2. Look for companies with strong competitive advantages. Competitive advantages can protect a company's interests from harm. The best long-term investments are those whose competitive advantages maintain above-average profit margins for many years. The key to a competitive advantage is being able to answer some deceptively simple questions, such as: How can the competitive advantage be sustained long-term?

3. Have a margin of safety. The investment process is about discovering good companies and assessing their value. The difference between a stock's market price and its estimated value is the stock's margin of safety. When determining a reasonable purchase price for a stock, it's important to include a margin of safety, which can mitigate your investment losses. Valuation is the most important part of the investment process.

4. Hold for the long term. Frequent trading, over time, means the taxes and commissions paid will compound. Buying a stock is a significant purchase and should be treated as an important investment act. Investing should be a long-term endeavor.

5. Know when to sell. Knowing when to sell a stock is more important than knowing when to buy. Continuously monitor the company whose stock you hold; your focus should be on the company more than the stock itself, such as news about the company and information about its industry. What affects a stock's price is the company's future, and that is what you should base your decision to sell on.
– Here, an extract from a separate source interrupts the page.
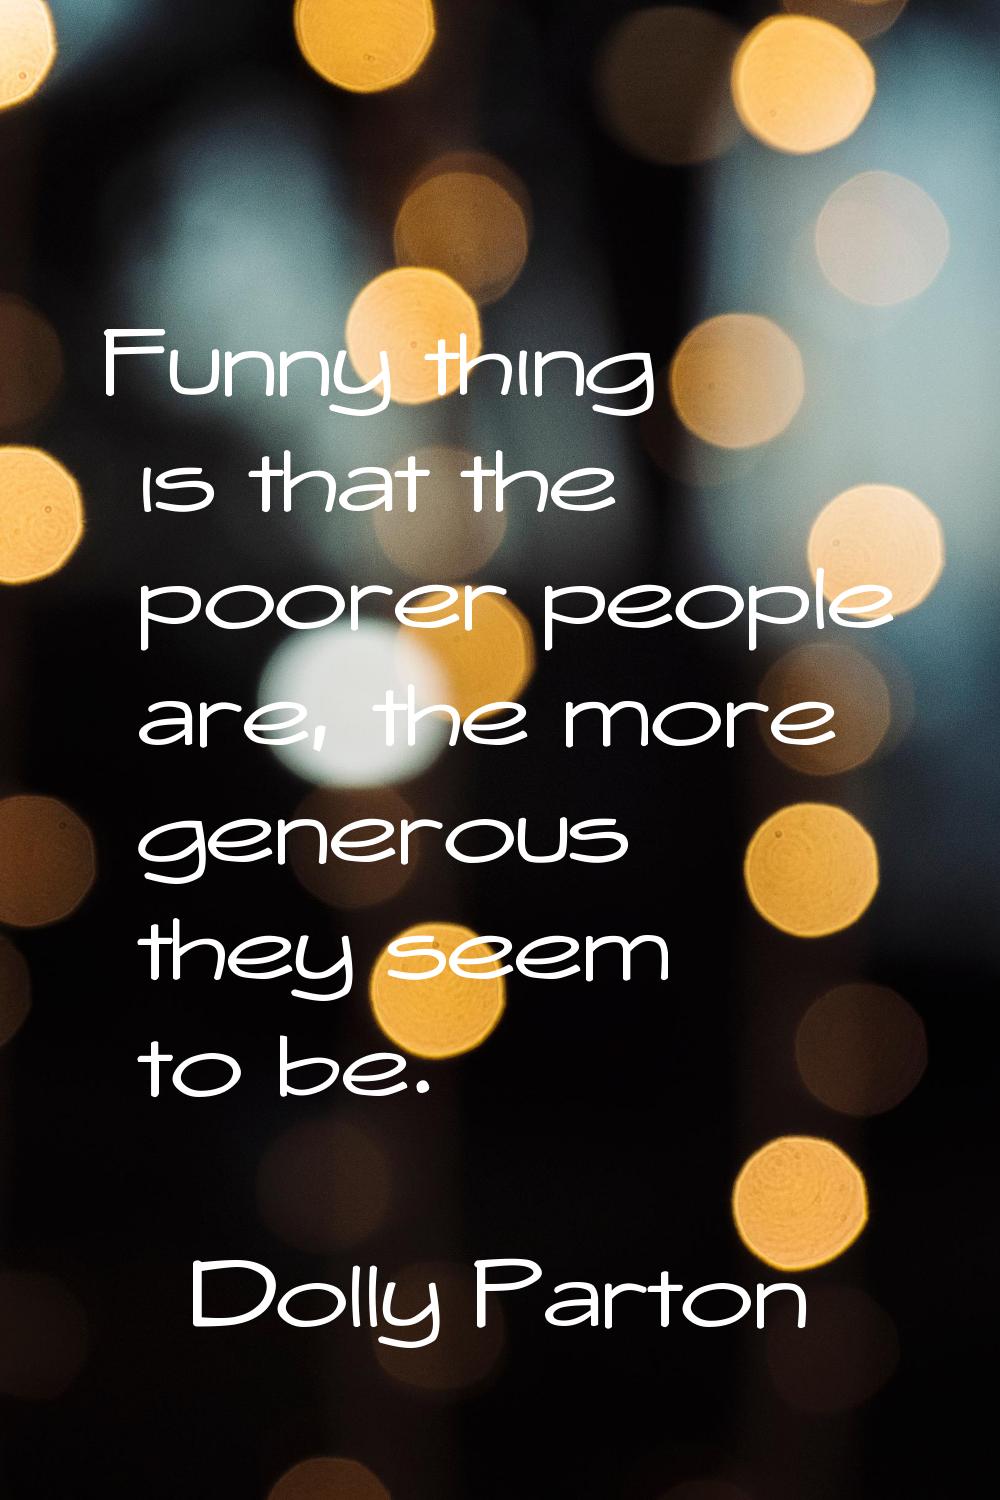 Funny thing is that the poorer people are, the more generous they seem to be.
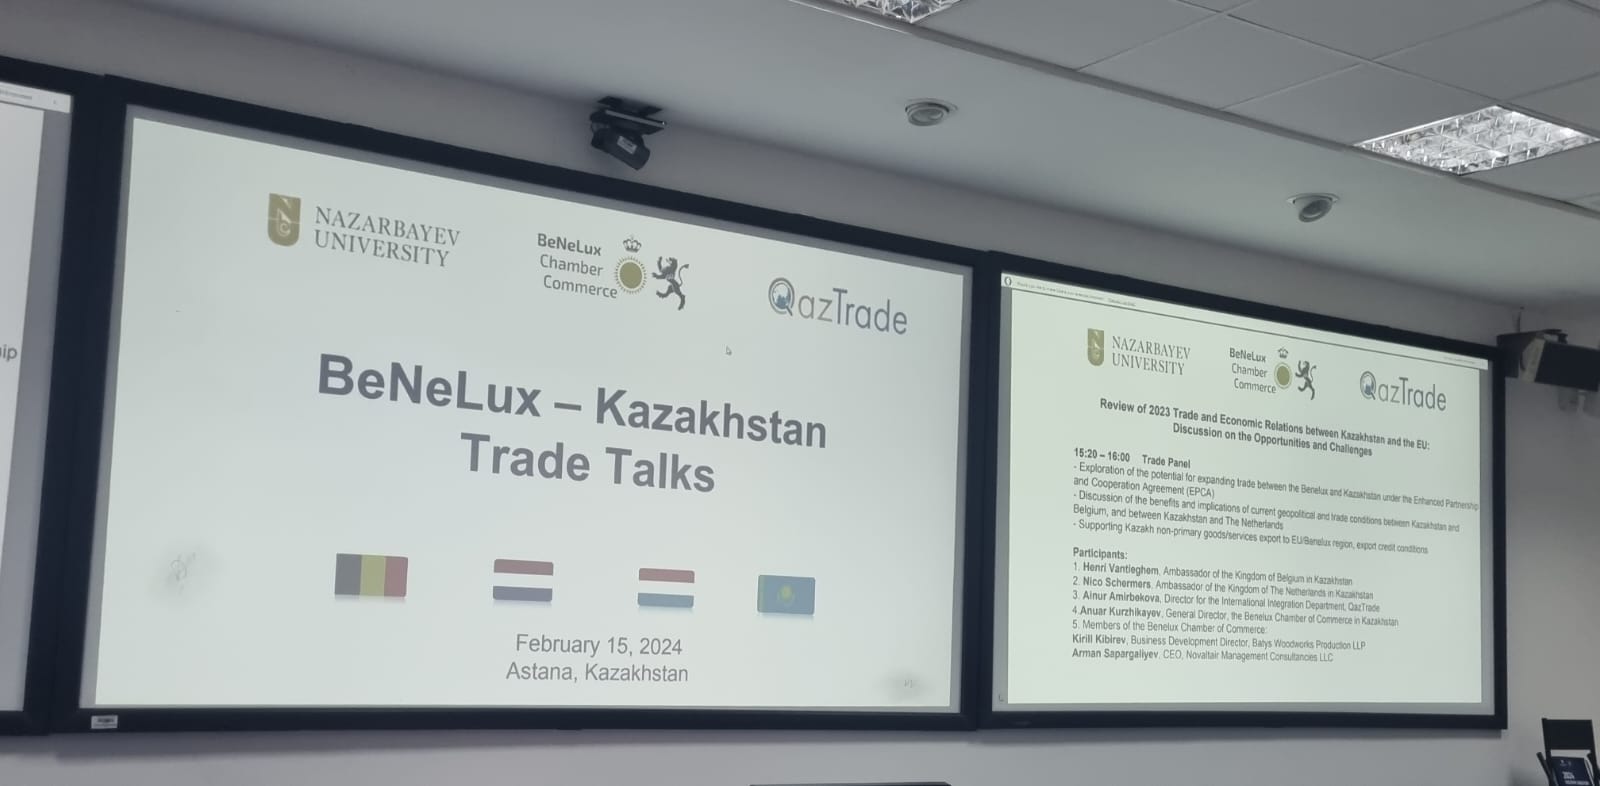 Kazakhstan and the Benelux countries are interested in expanding their trade and investment partnership

The following five questions will put you in a good investment mindset: When the reason you bought the stock no longer exists, the stock is no longer worth holding; When various signs indicate it's time to reassess the company's future prospects, and its performance has substantially deteriorated compared to its past consistency, it's time to sell; When the stock price reaches an unusually high level, far exceeding its intrinsic value, even the best companies should be sold; When you constantly seek higher-return opportunities to allocate your funds, moving capital from an investment with average expected returns to one with significantly high expected returns is also a reason to sell; Don't let greed affect the management of your investment portfolio. When a stock occupies too large a proportion of your portfolio, you should reduce its allocation.